Es verdad que en la Argentina quien maneja el Estado no tiene garantizado el éxito electoral, pero la ventaja es demasiado grande y no se registran en la historia reciente niveles tan altos dependencia para subsistir. 

De la totalidad de erogaciones descriptas más arriba, la mayor parte se realiza desde la ANSeS, hoy en manos de La Cámpora. En los últimos días se terminaron de confirmar los titulares de las Delegaciones locales, donde el monopolio de esta agrupación es completo. 

El liderazgo de Máximo Kirchner se hace sentir hasta en los detalles mínimos. No quiere dejar ningún cabo suelto que ponga dudas su capacidad de conducción y su proyecto de poder. De allí algunas especulaciones acerca de cierta tensión permanente con el ala moderada del Frente de Todos. 

Los intendentes lo saben y se filtran peleas hasta por la silla de determinada comisión en un Concejo Deliberante o legislaturas. Quienes ambicionaban crear el “Albertismo” apelan a la máxima del Presidente en campaña: “Con Cristina sola no alcanza, sin ella no se puede”. 

La carrera para el 2021 parece lanzada.
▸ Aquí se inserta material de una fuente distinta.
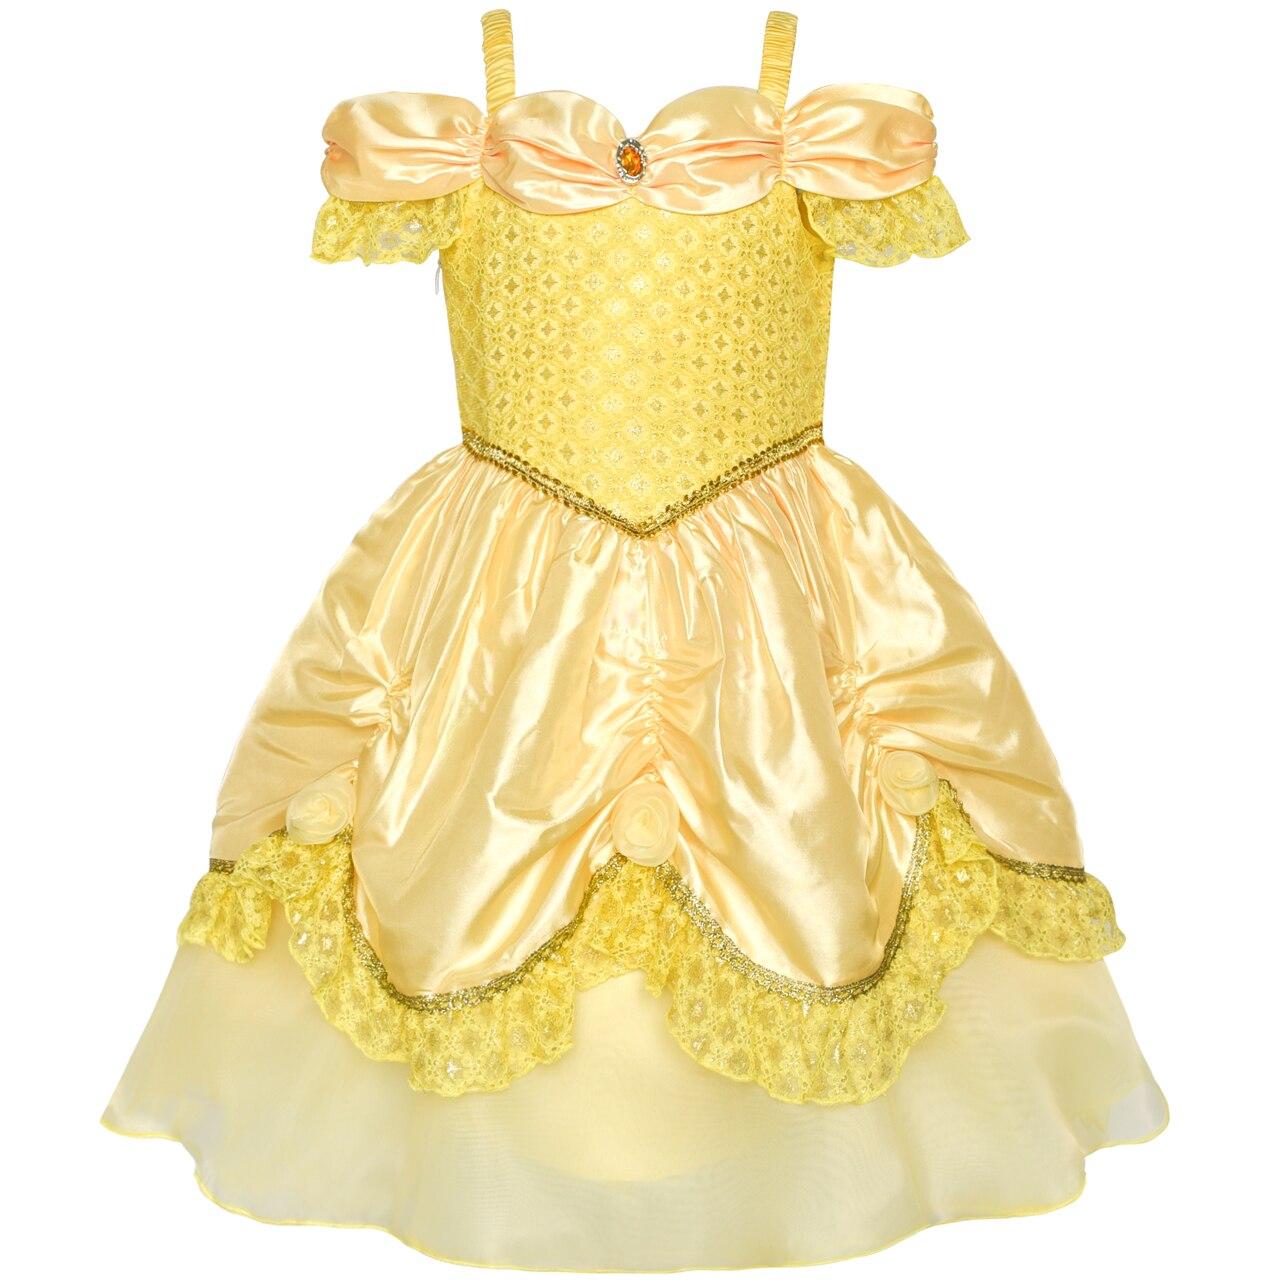 Girls Dress Yellow Princess Belle Costume Birthday Party ...

Tal como dijo un intendente en los comienzos de la pandemia: “El futuro del gobierno se define en el Conurbano, si el coronavirus explota, podemos tener serios problemas a futuro”.

Él sabe de lo que habla: en 2019 el Gran Buenos Aires le aportó el millón y medios de voto de diferencia para que Alberto Fernández le ganara a Mauricio Macri. Sostener ese volumen de electores es cuestión, hoy más que nunca, de Estado.